- Born: May 17, 1933 New York City
- Died: June 19, 2018 (aged 85) Sleepy Hollow, New York
- Education: New York University
- Occupations: Journalist, contributing editor, critic, author
- Spouse: Dorothy May Markey Kanfer
- Relatives: Myra Page (mother-in-law)
- Writing career
- Language: Yiddish, English
- Period: 1960s–2000s
- Genre: Arts

= Stefan Kanfer =

American journalist, critic, editor and author (1933–2018)

Stefan Kanfer (May 17, 1933 – June 19, 2018) was an American journalist, critic, editor, and author.

==Background==

Stefan Kanfer was born on May 17, 1933, in New York City and raised there and in Hastings-on-Hudson. His family were Jews from Romania, and he spoke Yiddish. His father was a schoolteacher during the Great Depression during Kanfer's early childhood. He attended New York University.

==Career==

In the early 1950s, Kanfer served in an army intelligence unit during the Korean War.

Experience included: "bohemian" in Paris, advertising, military interrogator, writer of cartoon captions, and TV gag-writer.
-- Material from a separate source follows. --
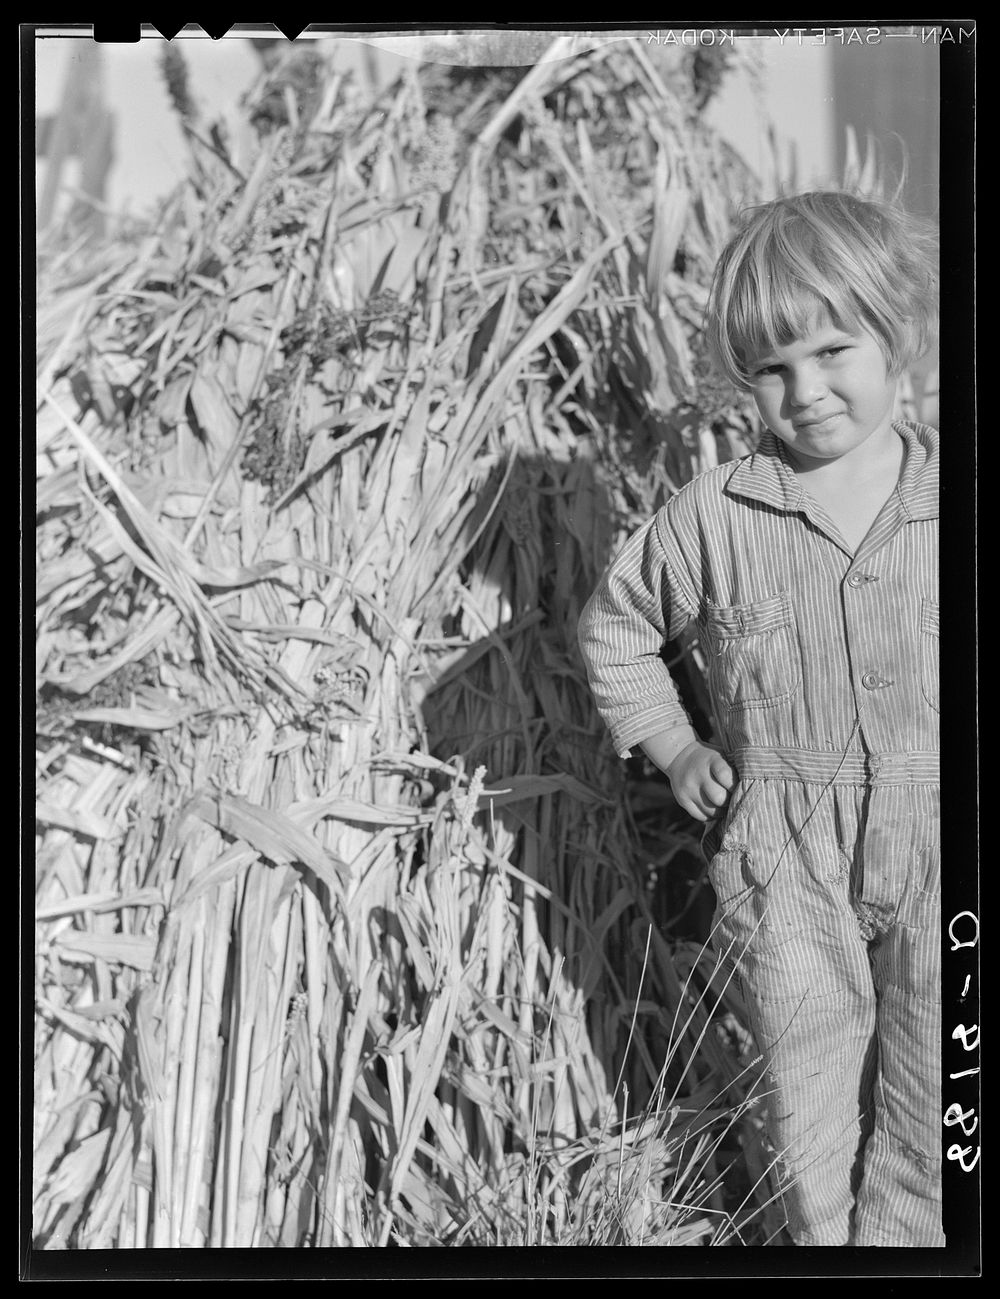 Farmer's daughter. Republic County, Kansas. Sourced from the Library of Congress.

In the early 1960s, he became a film critic, book critic, and senior editor at Time magazine for more than 20 years when Henry Grunwald ran the magazine. (When Grunwald retired, Kanfer spoke at his retirement party.) Colleagues there included Lance Morrow. He left Time staff in 1987 and contributed articles for another five years.

After Time, he became drama critic for The New Leader, and then contributing editor or writer on arts, culture, and politics for the City Journal (under managing editor Myron Magnet), The Wall Street Journal, and other publications.

==Personal life and death==

Kanfer was married to Dorothy May Markey Kanfer ("May"), daughter of John Markey and Dorothy Markey (pen name Myra Page).

His circle of friends included: Henry Grunwald, fellow Romanian Jew Elie Wiesel, Lance Morrow, Roger Rosenblatt, John Leo, Paul Gray, Ron Sheppard, Jess Korman, Chris Porterfield, Michael Walsh, B. J. Phillips, and Gerald Clarke. (With Morrow, Kanfer formed the "Chester A. Arthur Chapter of the Chuck Jones Fan Club of America.")

With Wiesel, he served on the presidential Wiesel Commission on the Romanian holocaust.

He served as mentor and supporter of younger writers, played the ukulele and musical saw, and held concerts and film presentations in his home.

Kanfer died on June 19, 2018, age 85, in Sleepy Hollow, New York.

==Awards==

- New York Public Library Literary Lions honoree
- Academy Award-nominated documentary

==Works==

Kanfer published 16 books and numerous articles, numerous songs, plays, essays, and reviews.